AIM OF THE EXERCISE >>
Exact reproduction required: the lines below from the line with "Sweatshirt Enjoy Now | Shirts | Fashion" to the line with "Caitlyn noelle beauty", both ends included, and no others.
EXTRACTED ENTRIES section start
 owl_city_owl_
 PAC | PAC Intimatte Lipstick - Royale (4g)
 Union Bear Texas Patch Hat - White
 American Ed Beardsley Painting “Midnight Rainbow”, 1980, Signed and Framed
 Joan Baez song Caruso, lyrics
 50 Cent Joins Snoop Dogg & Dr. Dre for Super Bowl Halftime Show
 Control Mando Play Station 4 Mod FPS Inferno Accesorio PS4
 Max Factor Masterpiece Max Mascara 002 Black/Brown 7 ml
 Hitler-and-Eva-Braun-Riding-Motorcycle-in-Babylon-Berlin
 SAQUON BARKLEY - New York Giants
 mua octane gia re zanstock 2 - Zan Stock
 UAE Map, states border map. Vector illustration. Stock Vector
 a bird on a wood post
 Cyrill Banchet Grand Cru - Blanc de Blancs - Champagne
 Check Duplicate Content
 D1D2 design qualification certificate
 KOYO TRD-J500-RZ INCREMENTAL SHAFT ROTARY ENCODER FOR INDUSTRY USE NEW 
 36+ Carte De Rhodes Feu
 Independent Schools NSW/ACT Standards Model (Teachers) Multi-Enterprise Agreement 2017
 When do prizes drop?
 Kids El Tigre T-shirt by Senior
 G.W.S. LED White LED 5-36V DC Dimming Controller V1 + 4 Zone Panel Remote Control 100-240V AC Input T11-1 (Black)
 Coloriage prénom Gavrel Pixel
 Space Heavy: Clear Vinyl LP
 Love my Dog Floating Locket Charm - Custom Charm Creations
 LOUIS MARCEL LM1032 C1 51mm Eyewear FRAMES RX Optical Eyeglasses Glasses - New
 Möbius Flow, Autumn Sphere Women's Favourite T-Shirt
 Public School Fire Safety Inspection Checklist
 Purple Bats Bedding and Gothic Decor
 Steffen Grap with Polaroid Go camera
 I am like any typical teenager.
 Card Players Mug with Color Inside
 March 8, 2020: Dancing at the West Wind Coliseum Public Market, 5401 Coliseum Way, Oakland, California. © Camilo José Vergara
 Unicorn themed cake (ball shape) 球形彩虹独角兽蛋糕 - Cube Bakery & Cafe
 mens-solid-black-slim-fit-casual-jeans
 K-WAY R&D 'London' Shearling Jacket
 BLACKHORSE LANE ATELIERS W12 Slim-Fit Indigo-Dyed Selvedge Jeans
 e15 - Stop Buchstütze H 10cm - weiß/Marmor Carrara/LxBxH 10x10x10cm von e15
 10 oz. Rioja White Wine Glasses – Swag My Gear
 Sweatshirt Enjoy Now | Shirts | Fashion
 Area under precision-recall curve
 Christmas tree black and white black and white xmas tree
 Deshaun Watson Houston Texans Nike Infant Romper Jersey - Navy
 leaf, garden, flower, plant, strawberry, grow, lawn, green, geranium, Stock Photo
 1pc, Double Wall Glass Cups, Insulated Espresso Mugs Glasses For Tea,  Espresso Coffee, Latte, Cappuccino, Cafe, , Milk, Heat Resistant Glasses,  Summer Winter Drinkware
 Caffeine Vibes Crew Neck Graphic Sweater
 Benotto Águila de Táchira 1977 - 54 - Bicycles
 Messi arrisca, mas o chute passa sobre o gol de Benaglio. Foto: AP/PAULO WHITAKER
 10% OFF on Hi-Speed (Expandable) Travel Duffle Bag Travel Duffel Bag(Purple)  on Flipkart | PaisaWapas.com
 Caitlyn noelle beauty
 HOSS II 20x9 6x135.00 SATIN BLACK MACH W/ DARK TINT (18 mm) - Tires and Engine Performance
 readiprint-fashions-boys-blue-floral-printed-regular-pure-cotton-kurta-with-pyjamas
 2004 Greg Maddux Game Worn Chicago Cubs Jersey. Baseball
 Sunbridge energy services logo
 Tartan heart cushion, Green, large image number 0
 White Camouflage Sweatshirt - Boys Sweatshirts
EXTRACTED ENTRIES section end
YOUR SOLUTION >>
 Sweatshirt Enjoy Now | Shirts | Fashion
 Area under precision-recall curve
 Christmas tree black and white black and white xmas tree
 Deshaun Watson Houston Texans Nike Infant Romper Jersey - Navy
 leaf, garden, flower, plant, strawberry, grow, lawn, green, geranium, Stock Photo
 1pc, Double Wall Glass Cups, Insulated Espresso Mugs Glasses For Tea,  Espresso Coffee, Latte, Cappuccino, Cafe, , Milk, Heat Resistant Glasses,  Summer Winter Drinkware
 Caffeine Vibes Crew Neck Graphic Sweater
 Benotto Águila de Táchira 1977 - 54 - Bicycles
 Messi arrisca, mas o chute passa sobre o gol de Benaglio. Foto: AP/PAULO WHITAKER
 10% OFF on Hi-Speed (Expandable) Travel Duffle Bag Travel Duffel Bag(Purple)  on Flipkart | PaisaWapas.com
 Caitlyn noelle beauty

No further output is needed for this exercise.